# Ski Dubai question



## percassi (Apr 30, 2009)

Does anyone know if Ski Dubai does an annual pass, an if so what it costs ?


----------



## fcjb1970 (Apr 30, 2010)

No

They do a two or three month pass (forget which, I think it is two). Price is absurd, unless you really plan on averaging about 4 times a week. Nothing like spending nearly what it costs to ski in a resort to go up and down doing 8 minute laps.


----------



## ccr (Jun 20, 2010)

Ski Dubai has annual frequent user discount program (Snow, Ice packages).

For Ice, ski 10 times (adult, 12 for kids) in a year to break even with the package cost, then saves. For Snow, 13 and 16 times.

So if you ski twice a month, you will save with either package.

fcjb1970 moans about it because he is an expereinced skier, thus boring for him. But it is excellent for beginners, for warming up before going to ski outside in Winter, or just general family time together in week-end morning before everyone wakes up.

I like it since my son learned to ski there, and when we went to the Alps, he was skiing blue runs perfectly without wasting vacation on bunny slope.


----------



## fcjb1970 (Apr 30, 2010)

I did ask a couple times about packages when I was there and was never told about any annual packages, only the couple month package I mentioned so I will put that up to the typical quality of customer service not knowing about the product they sell.

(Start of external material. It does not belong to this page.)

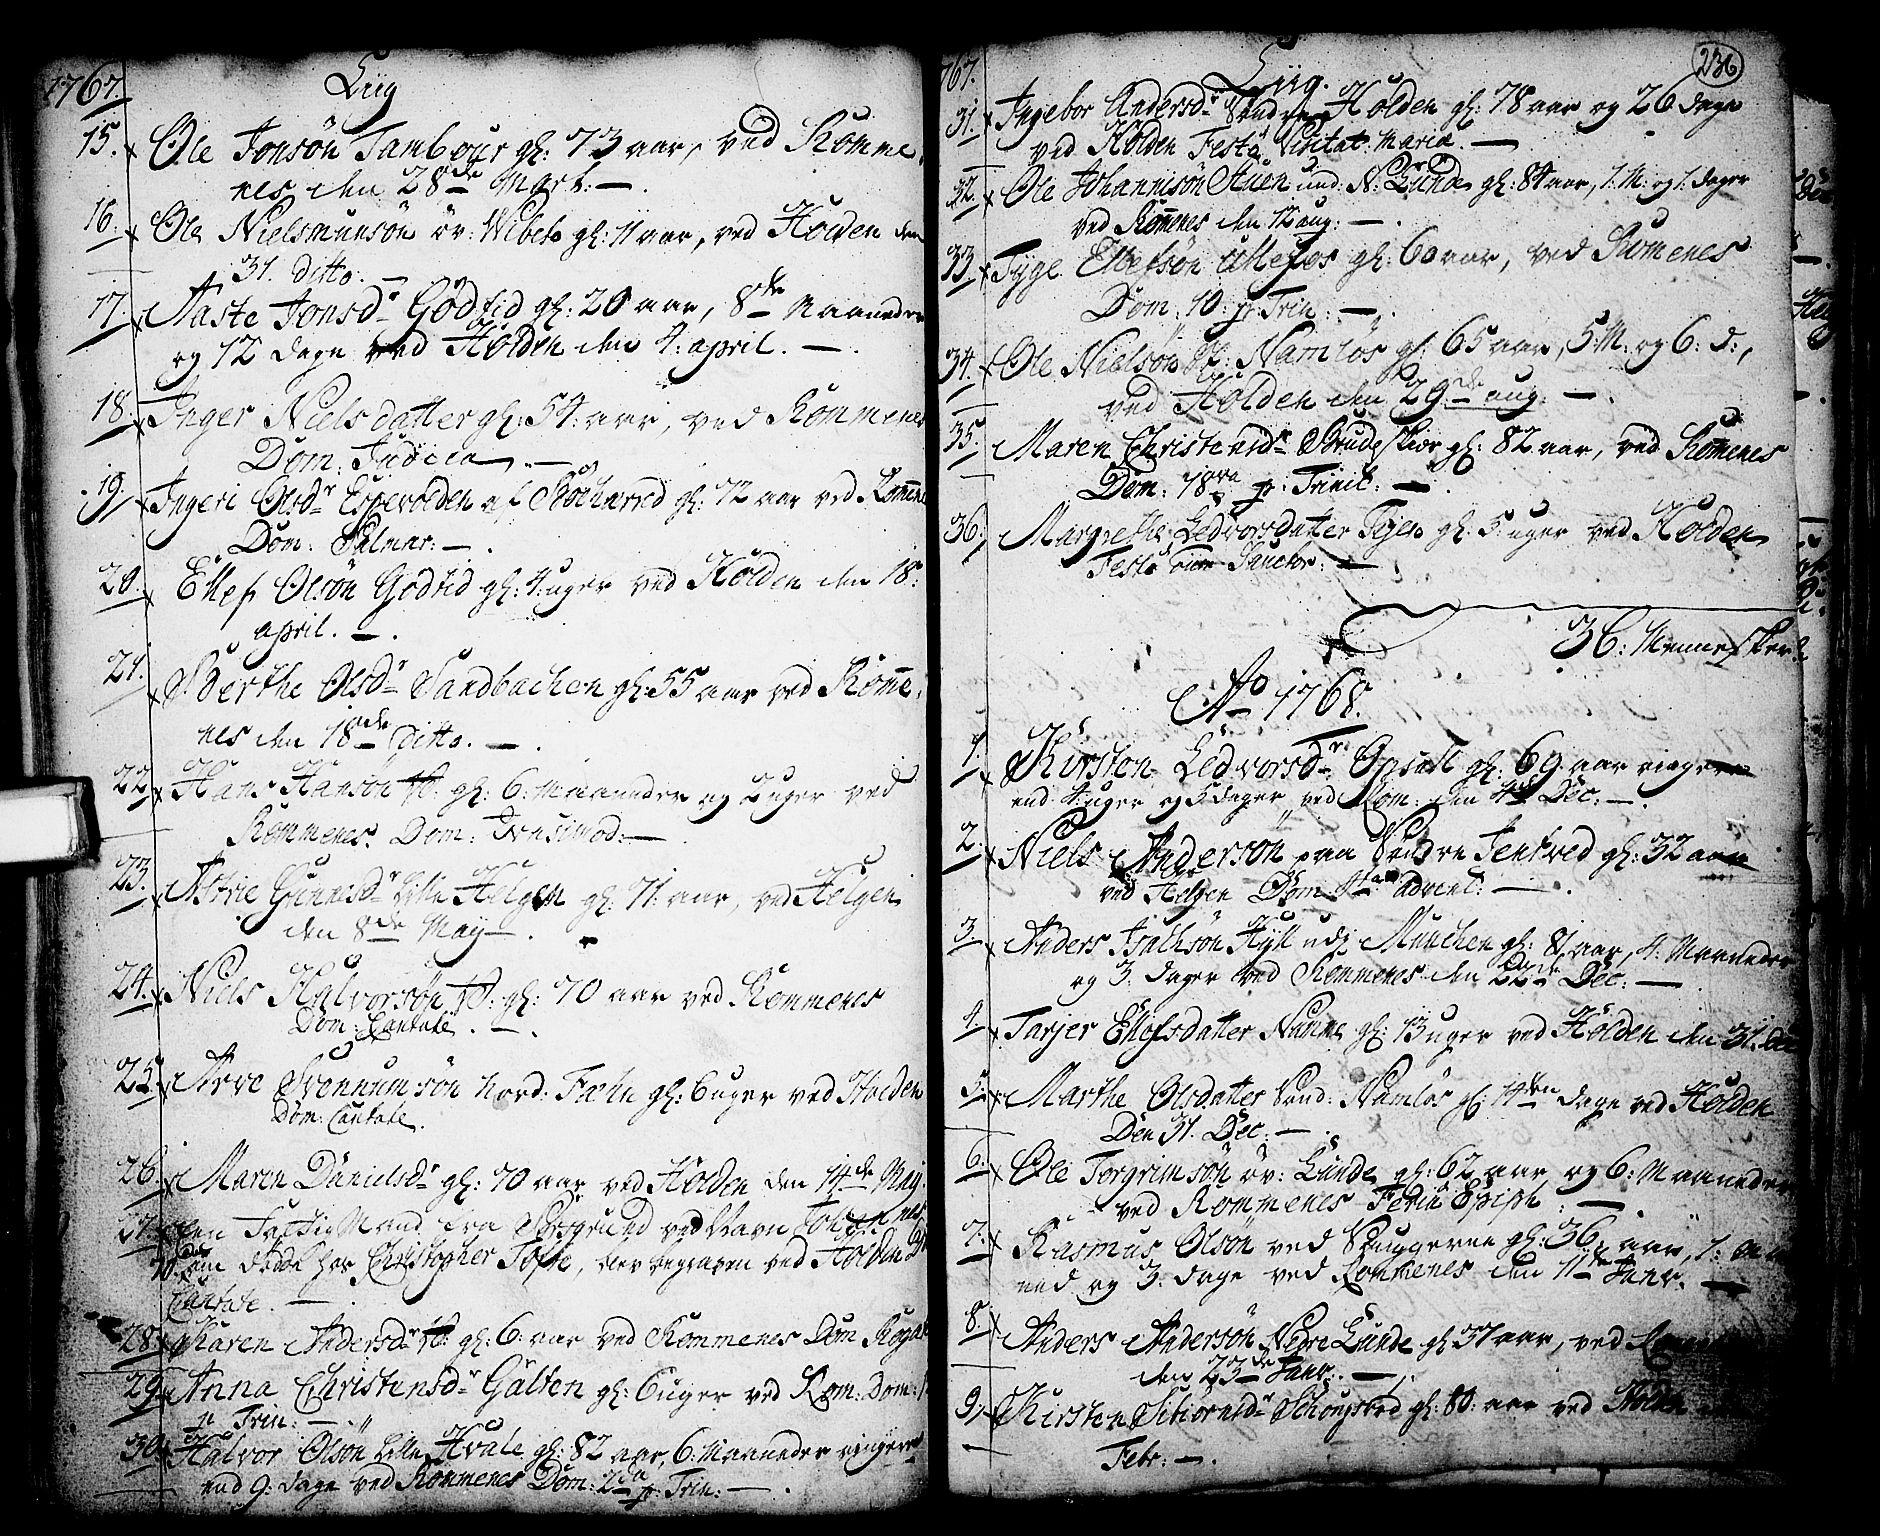 SAKO, Holla kirkebøker, F/Fa/L0001: Ministerialbok nr. 1, 1717-1779, s. 236

I will agree that someone can learn to ski in Ski Dubai. Can even be used to get some legs under you before a ski trip. If they fixed the friggen' poma lift so it did not totally jerk you coming around the bend and they made sure there was snow there so your boards did not grab I would probably not gripe about the place as much. But at 48 I don't need that, maybe if I was a kid it wouldn't annoy me so much. And the chair takes so long I am ready to jump about a third of the way up.

But yes, having lived in CO for 19 years including doing some season in the mountains probably skews my overall opinion in a negative way. I do like thinking I am the only person to tele-Dubai


----------



## Chocoholic (Oct 29, 2012)

Well as a newbie skier myself, it just cannot compare in any way, shape, or form to learning on actual slopes. The whole thing is more ice than snow, plus you have to deal with loonies, who ski/snowboard like they drive on the roads.


----------



## ccr (Jun 20, 2010)

Chocoholic said:


> Well as a newbie skier myself, it just cannot compare in any way, shape, or form to learning on actual slopes. The whole thing is more ice than snow, plus you have to deal with loonies, who ski/snowboard like they drive on the roads.


I agree about the loonies, but if you come early in the morning, most of the loonies are still in bed... 

Bunny slopes are usually in same condition, packed with very little soft snow, and the Alps is mostly ice anyway.

Anyway, our family will miss having it at our doorstep once we leave Dubai. Nothing is perfect, but something sure beats nothing...

PS: the glass is always full, some water and some air...


----------